Capazoo: les ambitions démesurées d’un réseau social déchu

L’Autorité des marchés financiers entame des procédures judiciaires contre trois dirigeants de Capazoo, dont l’homme d’affaires Paul Delage Roberge. Ce réseau social, qui n’aura duré que quelques mois, avait l’ambition de surpasser Facebook et MySpace en offrant une compensation monétaire à ses participants. Résumé.

L’Autorité des marchés financiers a entamé des poursuites envers trois dirigeants de Capazoo World, une entreprise de Montréal qui a exploité un réseau social nommé Capazoo à partir de l’automne 2007, et ce, durant quelques mois seulement.

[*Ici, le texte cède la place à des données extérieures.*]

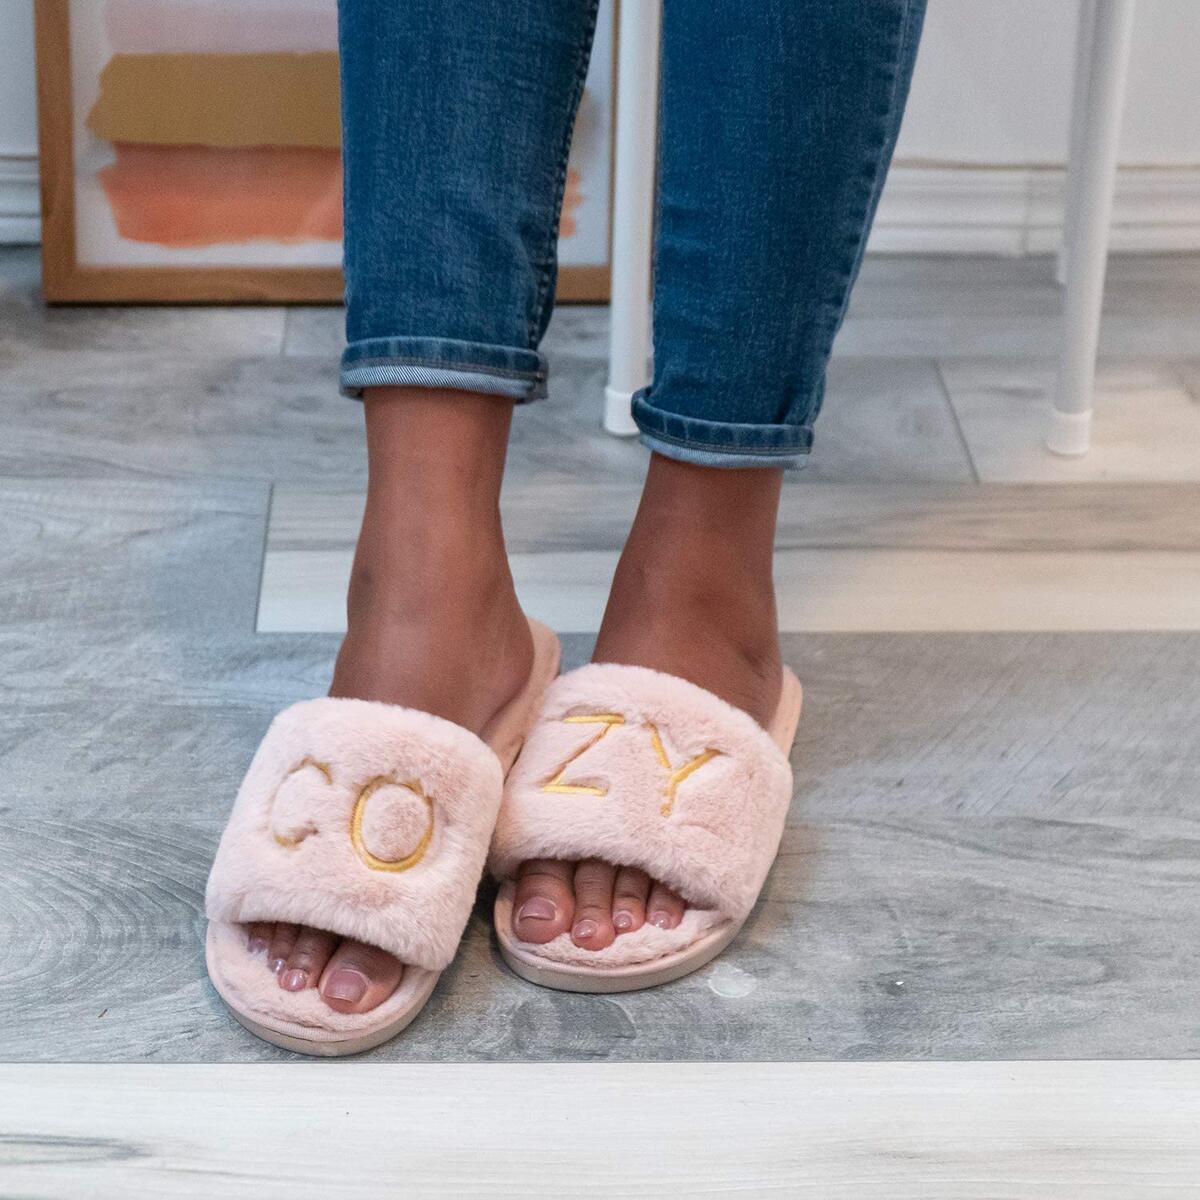 Embroidered Fuzzy Slippers - Cozy Warm Fluffy Faux Fur Memory Foam Slipper

L’AMF a déposé 16 chefs d’accusation envers Luc Verville, le président de l’entreprise, en lui reprochant d’avoir exercé des activités de courtier en valeurs sans être dûment inscrit auprès de l’organisme lors du placement d’actions de son entreprise. On reproche également au dirigeant d’avoir procédé à un investissement sans avoir établi de prospectus, ainsi que d’avoir déclaré que les titres de son entreprise seraient inscrits en bourse sans en avoir avisé l’AMF. L’organisme réclame un total de 120 000 $ en amendes.

Les deux autres dirigeants visés par la procédure sont accusés d’avoir exercé des activités de courtier en valeurs sans être inscrits auprès de l’AMR lors d’un placement d’actions et d’avoir procédé à un investissement sans avoir établi de prospectus. Le premier est Denis Richard, qui agissait à titre de directeur des ventes pour Capazoo.

Le deuxième est Paul Delage Roberge, un homme d’affaires bien connu au Québec pour avoir fondé et dirigé Les Boutiques San Francisco, un regroupement de plusieurs bannières de boutiques de vêtement, dont les complexes Les Ailes de la Mode. M. Delage Roberge, qui est membre du conseil d’administration de la bannière Bikini Village et dirige un réseau privé de gens d’affaires nommé RezoPDR http://www.rezopdr.com/ , agissait à titre de président de Capazoo Québec, la division québécoise du réseau social Capazoo.

Approche nébuleuse

Le réseau Capazoo n’aura existé que quelques mois, mais ses traces laissées en ligne laissent croire que les ambitions des fondateurs étaient démesurées.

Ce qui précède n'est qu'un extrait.